## DATA EXTRACT
__________

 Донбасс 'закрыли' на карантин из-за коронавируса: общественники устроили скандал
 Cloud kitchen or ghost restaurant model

__________

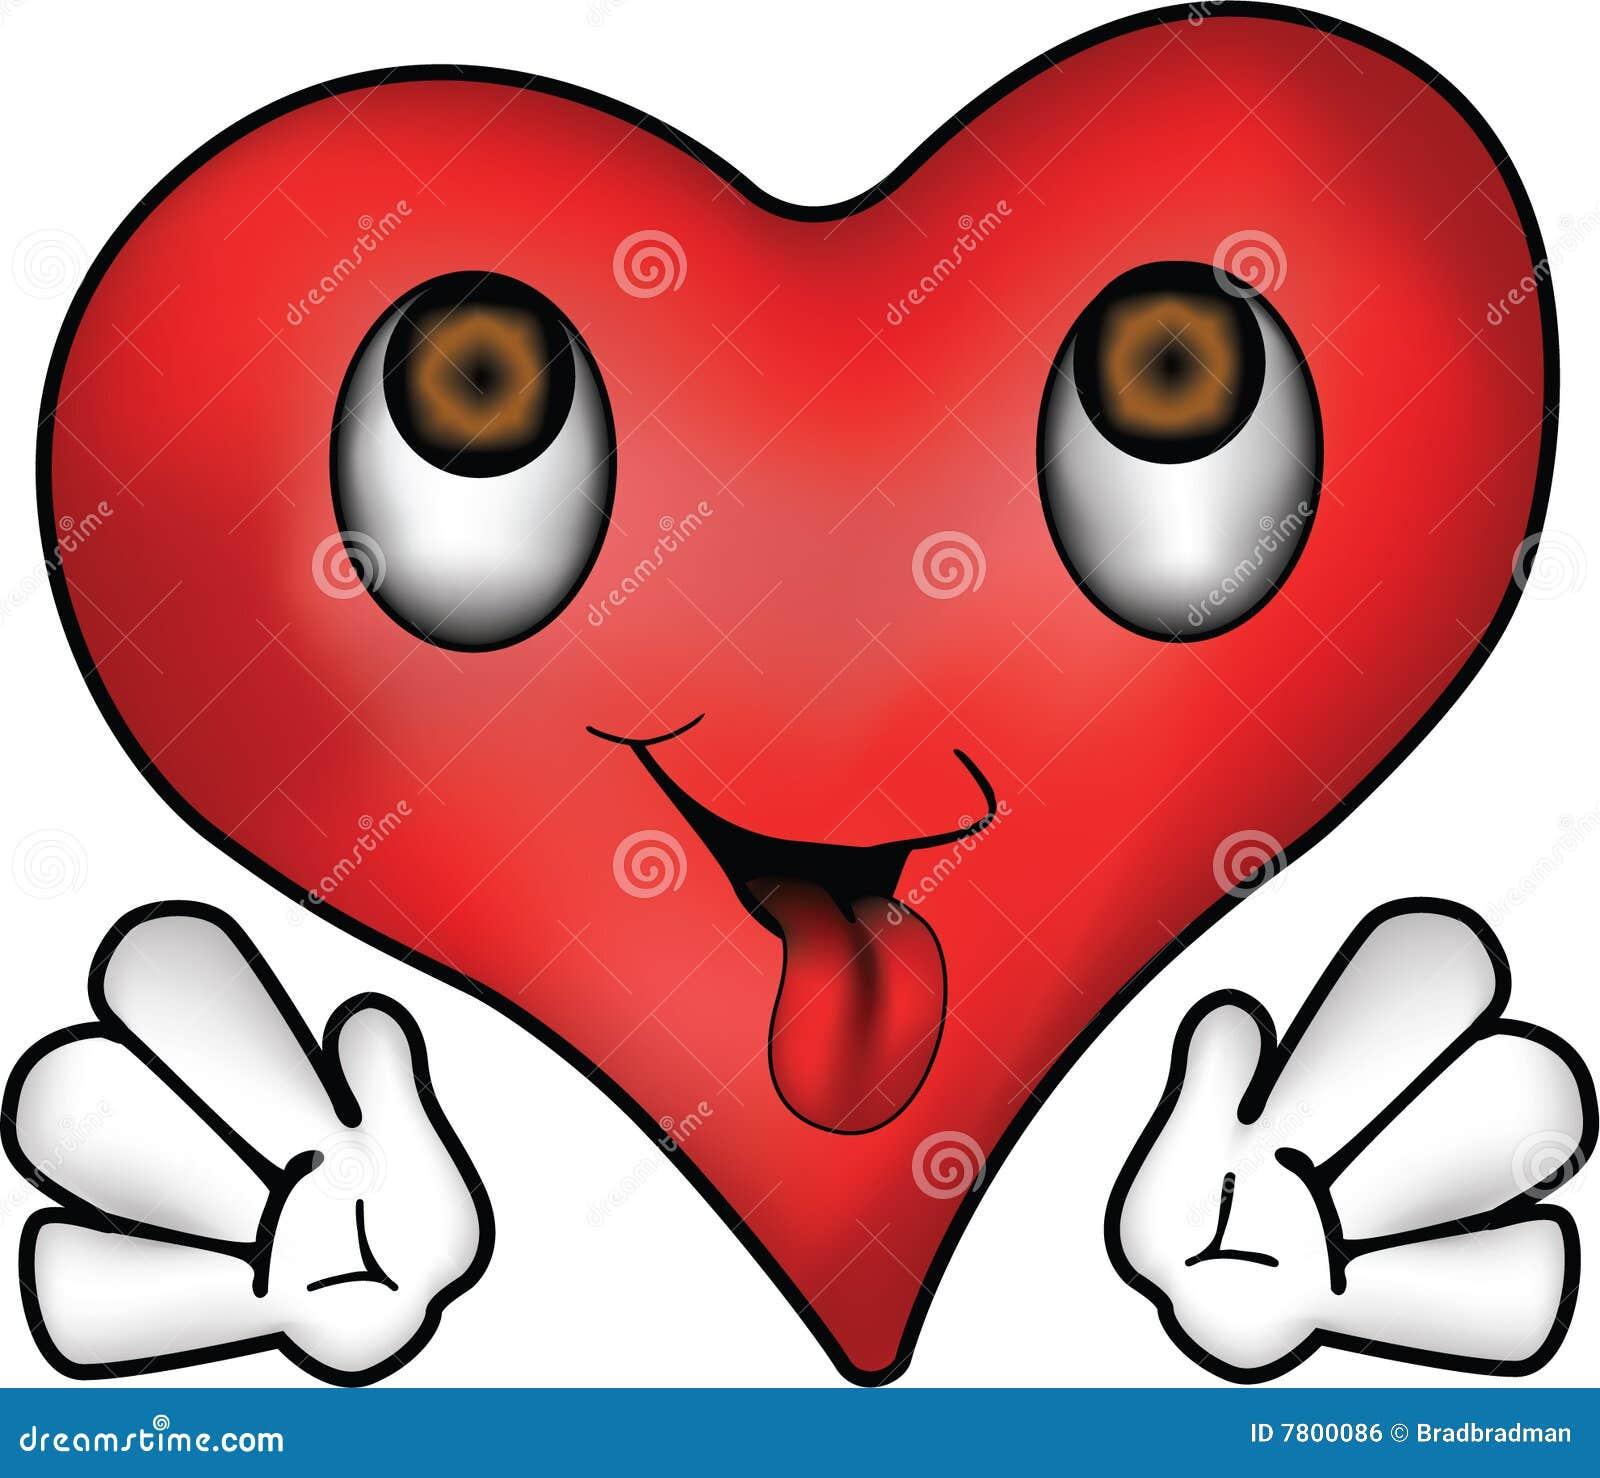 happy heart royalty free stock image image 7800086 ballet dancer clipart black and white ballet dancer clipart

__________

Retype exactly, and only, the lines above from the one where "Донбасс 'закрыли' на" occurs up to and including the one where "Cloud kitchen or ghost restaurant model" occurs.

 Донбасс 'закрыли' на карантин из-за коронавируса: общественники устроили скандал
 Cloud kitchen or ghost restaurant model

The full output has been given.